4 Responses to “Daniel Quentin Steele, Author of “When We Were Married””

  1. Teresa Wilson Says:

    If parts of the WWWM1 & 2 is like you in some ways then I wished I could meet you. The first book reminded me of my past real quick. It keep me glued to them till I finished them. I cannot wait to read the 3rd book and I am sure when I finish the 3rd I will be waiting on the 4th. I hope to see the 3rd book soon.

  2. mike fry Says:

    Michael Fry, fry5family@aol.com, I loved one and two. Now, 7 years after this interview, I see volume 3, but “part 1”??? Plus there is still a volume 4 you mentioned above to complete the series? How many more parts to volume 3 and how log do we have to wait?

  3. Zcham4 Says:

    Home Inbox Sent Archive
    WWWW
    To: Daniel Q Steele 11/15/2018, 1:09:22 PM
    I began on SOL with A Slip Of The Tongue and followed you to Literotica. There I found WWWW and I’m hooked. I continued to Amazon’s book store and bought the next two volumes. I’m now waiting for volume 5.This story has so much character development it could go on forever. When will volume 5 be available. I would love to have the password but I will pay if necessary.
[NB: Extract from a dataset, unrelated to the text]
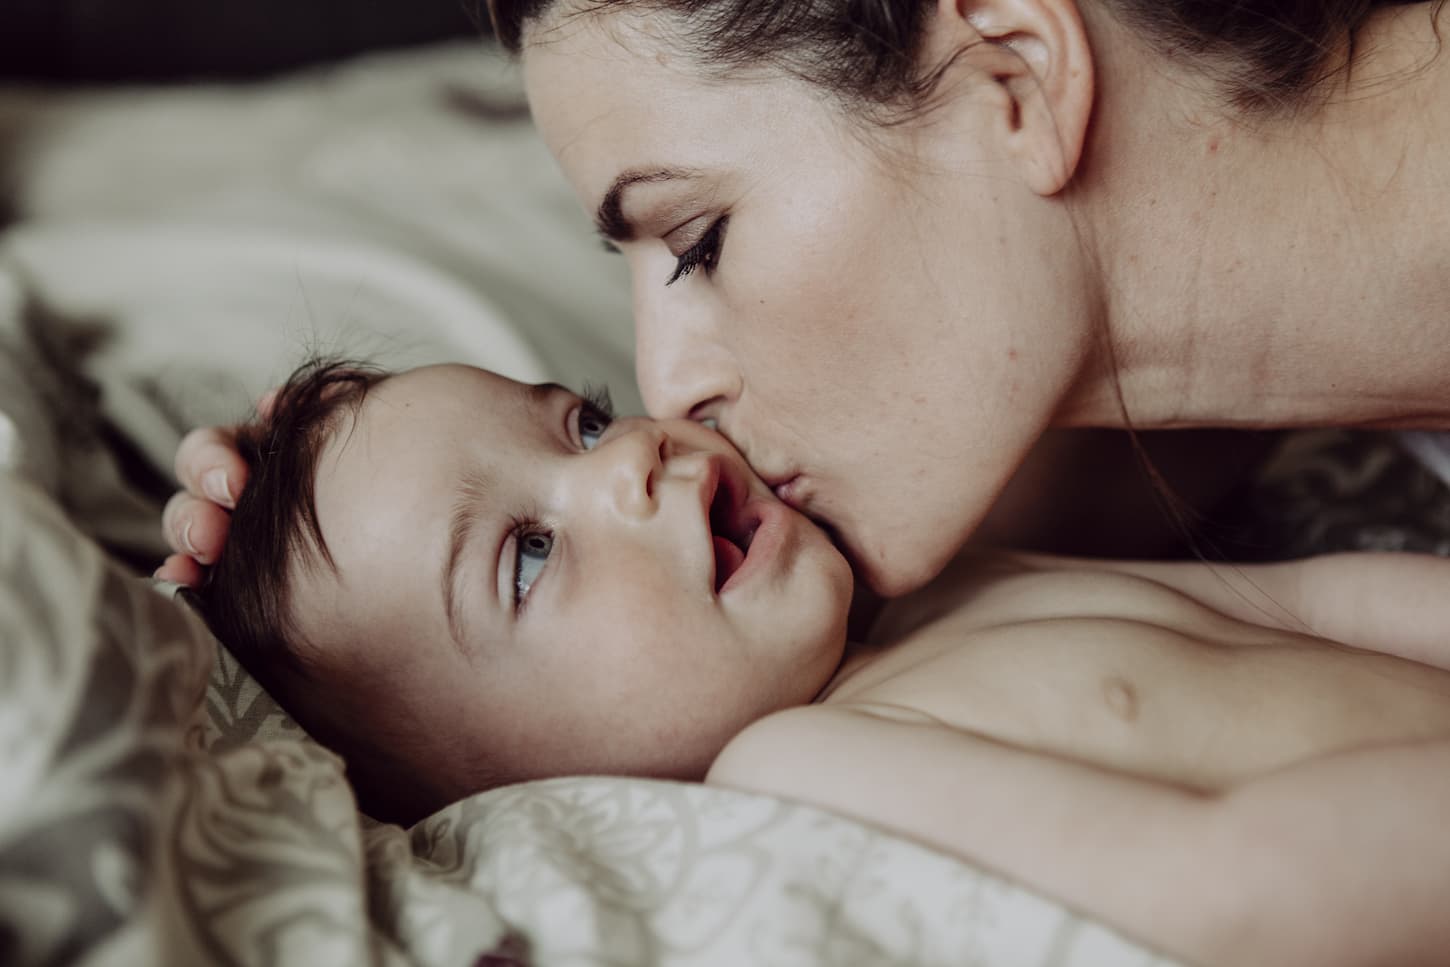 An image of a mother cuddling her baby son on the bed.

I’m loving this story.

    Zcham4

  4. David Andrew Says:

    I have read all four volumes and the story obviously continues. At the end of volume 4 it states there will be a WWWM5 volume titled “Stay With Me”. But I can find nothing on the internet about when this is likely to become available. Please Daniel, end this suspense for all your fans and give us a clue.